── Given records ──
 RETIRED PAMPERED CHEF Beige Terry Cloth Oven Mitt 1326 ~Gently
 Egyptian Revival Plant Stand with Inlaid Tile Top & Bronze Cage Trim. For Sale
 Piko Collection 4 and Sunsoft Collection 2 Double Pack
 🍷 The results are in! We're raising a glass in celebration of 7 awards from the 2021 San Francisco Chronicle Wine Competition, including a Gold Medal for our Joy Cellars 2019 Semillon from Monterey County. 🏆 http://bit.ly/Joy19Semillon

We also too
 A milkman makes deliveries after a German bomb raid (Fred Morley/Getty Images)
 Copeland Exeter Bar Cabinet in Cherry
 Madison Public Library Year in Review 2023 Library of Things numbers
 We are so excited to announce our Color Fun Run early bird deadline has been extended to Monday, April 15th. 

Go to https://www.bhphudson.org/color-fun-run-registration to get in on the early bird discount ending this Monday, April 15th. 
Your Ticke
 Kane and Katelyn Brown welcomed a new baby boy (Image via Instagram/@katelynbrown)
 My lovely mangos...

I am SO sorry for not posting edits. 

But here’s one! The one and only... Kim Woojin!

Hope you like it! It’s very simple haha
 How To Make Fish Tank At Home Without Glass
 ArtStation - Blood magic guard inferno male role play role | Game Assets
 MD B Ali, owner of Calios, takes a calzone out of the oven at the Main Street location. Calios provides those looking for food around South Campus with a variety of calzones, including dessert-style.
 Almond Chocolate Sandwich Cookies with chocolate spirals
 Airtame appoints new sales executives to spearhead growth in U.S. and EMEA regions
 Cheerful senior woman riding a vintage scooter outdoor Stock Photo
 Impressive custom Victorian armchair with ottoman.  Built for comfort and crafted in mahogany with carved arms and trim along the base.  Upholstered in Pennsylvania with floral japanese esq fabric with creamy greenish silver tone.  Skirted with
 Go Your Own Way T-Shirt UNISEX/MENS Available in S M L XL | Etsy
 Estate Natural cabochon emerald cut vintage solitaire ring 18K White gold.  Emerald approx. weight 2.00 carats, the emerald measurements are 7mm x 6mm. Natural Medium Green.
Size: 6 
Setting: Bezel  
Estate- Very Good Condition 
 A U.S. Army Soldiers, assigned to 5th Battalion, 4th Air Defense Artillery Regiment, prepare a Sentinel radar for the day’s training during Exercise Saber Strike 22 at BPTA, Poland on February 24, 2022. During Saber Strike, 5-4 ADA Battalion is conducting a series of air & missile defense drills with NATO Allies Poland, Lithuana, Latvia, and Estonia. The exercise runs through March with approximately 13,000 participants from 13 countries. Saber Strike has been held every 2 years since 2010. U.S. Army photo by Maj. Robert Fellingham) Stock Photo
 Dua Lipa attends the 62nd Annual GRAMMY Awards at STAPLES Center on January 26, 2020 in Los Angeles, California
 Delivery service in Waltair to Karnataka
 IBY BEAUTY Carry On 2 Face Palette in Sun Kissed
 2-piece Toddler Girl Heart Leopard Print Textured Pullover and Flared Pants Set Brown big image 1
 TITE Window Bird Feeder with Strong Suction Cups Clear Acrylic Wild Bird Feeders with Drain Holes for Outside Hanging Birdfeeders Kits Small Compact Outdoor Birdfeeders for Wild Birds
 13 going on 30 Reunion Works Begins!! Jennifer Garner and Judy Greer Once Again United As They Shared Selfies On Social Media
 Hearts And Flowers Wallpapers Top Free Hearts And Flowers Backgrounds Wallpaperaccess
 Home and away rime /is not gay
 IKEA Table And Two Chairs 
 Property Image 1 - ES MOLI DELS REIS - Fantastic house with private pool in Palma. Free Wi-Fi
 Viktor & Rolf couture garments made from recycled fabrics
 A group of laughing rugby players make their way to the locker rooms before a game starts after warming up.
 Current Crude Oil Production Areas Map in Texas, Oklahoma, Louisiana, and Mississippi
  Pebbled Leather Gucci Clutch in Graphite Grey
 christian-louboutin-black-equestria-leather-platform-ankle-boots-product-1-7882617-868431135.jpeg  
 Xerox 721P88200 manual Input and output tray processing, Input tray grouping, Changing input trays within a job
───
**Action item:** Could you transcribe every entry exactly, without altering anything?

**The answer:**
 RETIRED PAMPERED CHEF Beige Terry Cloth Oven Mitt 1326 ~Gently
 Egyptian Revival Plant Stand with Inlaid Tile Top & Bronze Cage Trim. For Sale
 Piko Collection 4 and Sunsoft Collection 2 Double Pack
 🍷 The results are in! We're raising a glass in celebration of 7 awards from the 2021 San Francisco Chronicle Wine Competition, including a Gold Medal for our Joy Cellars 2019 Semillon from Monterey County. 🏆 http://bit.ly/Joy19Semillon

We also too
 A milkman makes deliveries after a German bomb raid (Fred Morley/Getty Images)
 Copeland Exeter Bar Cabinet in Cherry
 Madison Public Library Year in Review 2023 Library of Things numbers
 We are so excited to announce our Color Fun Run early bird deadline has been extended to Monday, April 15th. 

Go to https://www.bhphudson.org/color-fun-run-registration to get in on the early bird discount ending this Monday, April 15th. 
Your Ticke
 Kane and Katelyn Brown welcomed a new baby boy (Image via Instagram/@katelynbrown)
 My lovely mangos...

I am SO sorry for not posting edits. 

But here’s one! The one and only... Kim Woojin!

Hope you like it! It’s very simple haha
 How To Make Fish Tank At Home Without Glass
 ArtStation - Blood magic guard inferno male role play role | Game Assets
 MD B Ali, owner of Calios, takes a calzone out of the oven at the Main Street location. Calios provides those looking for food around South Campus with a variety of calzones, including dessert-style.
 Almond Chocolate Sandwich Cookies with chocolate spirals
 Airtame appoints new sales executives to spearhead growth in U.S. and EMEA regions
 Cheerful senior woman riding a vintage scooter outdoor Stock Photo
 Impressive custom Victorian armchair with ottoman.  Built for comfort and crafted in mahogany with carved arms and trim along the base.  Upholstered in Pennsylvania with floral japanese esq fabric with creamy greenish silver tone.  Skirted with
 Go Your Own Way T-Shirt UNISEX/MENS Available in S M L XL | Etsy
 Estate Natural cabochon emerald cut vintage solitaire ring 18K White gold.  Emerald approx. weight 2.00 carats, the emerald measurements are 7mm x 6mm. Natural Medium Green.
Size: 6 
Setting: Bezel  
Estate- Very Good Condition 
 A U.S. Army Soldiers, assigned to 5th Battalion, 4th Air Defense Artillery Regiment, prepare a Sentinel radar for the day’s training during Exercise Saber Strike 22 at BPTA, Poland on February 24, 2022. During Saber Strike, 5-4 ADA Battalion is conducting a series of air & missile defense drills with NATO Allies Poland, Lithuana, Latvia, and Estonia. The exercise runs through March with approximately 13,000 participants from 13 countries. Saber Strike has been held every 2 years since 2010. U.S. Army photo by Maj. Robert Fellingham) Stock Photo
 Dua Lipa attends the 62nd Annual GRAMMY Awards at STAPLES Center on January 26, 2020 in Los Angeles, California
 Delivery service in Waltair to Karnataka
 IBY BEAUTY Carry On 2 Face Palette in Sun Kissed
 2-piece Toddler Girl Heart Leopard Print Textured Pullover and Flared Pants Set Brown big image 1
 TITE Window Bird Feeder with Strong Suction Cups Clear Acrylic Wild Bird Feeders with Drain Holes for Outside Hanging Birdfeeders Kits Small Compact Outdoor Birdfeeders for Wild Birds
 13 going on 30 Reunion Works Begins!! Jennifer Garner and Judy Greer Once Again United As They Shared Selfies On Social Media
 Hearts And Flowers Wallpapers Top Free Hearts And Flowers Backgrounds Wallpaperaccess
 Home and away rime /is not gay
 IKEA Table And Two Chairs 
 Property Image 1 - ES MOLI DELS REIS - Fantastic house with private pool in Palma. Free Wi-Fi
 Viktor & Rolf couture garments made from recycled fabrics
 A group of laughing rugby players make their way to the locker rooms before a game starts after warming up.
 Current Crude Oil Production Areas Map in Texas, Oklahoma, Louisiana, and Mississippi
  Pebbled Leather Gucci Clutch in Graphite Grey
 christian-louboutin-black-equestria-leather-platform-ankle-boots-product-1-7882617-868431135.jpeg  
 Xerox 721P88200 manual Input and output tray processing, Input tray grouping, Changing input trays within a job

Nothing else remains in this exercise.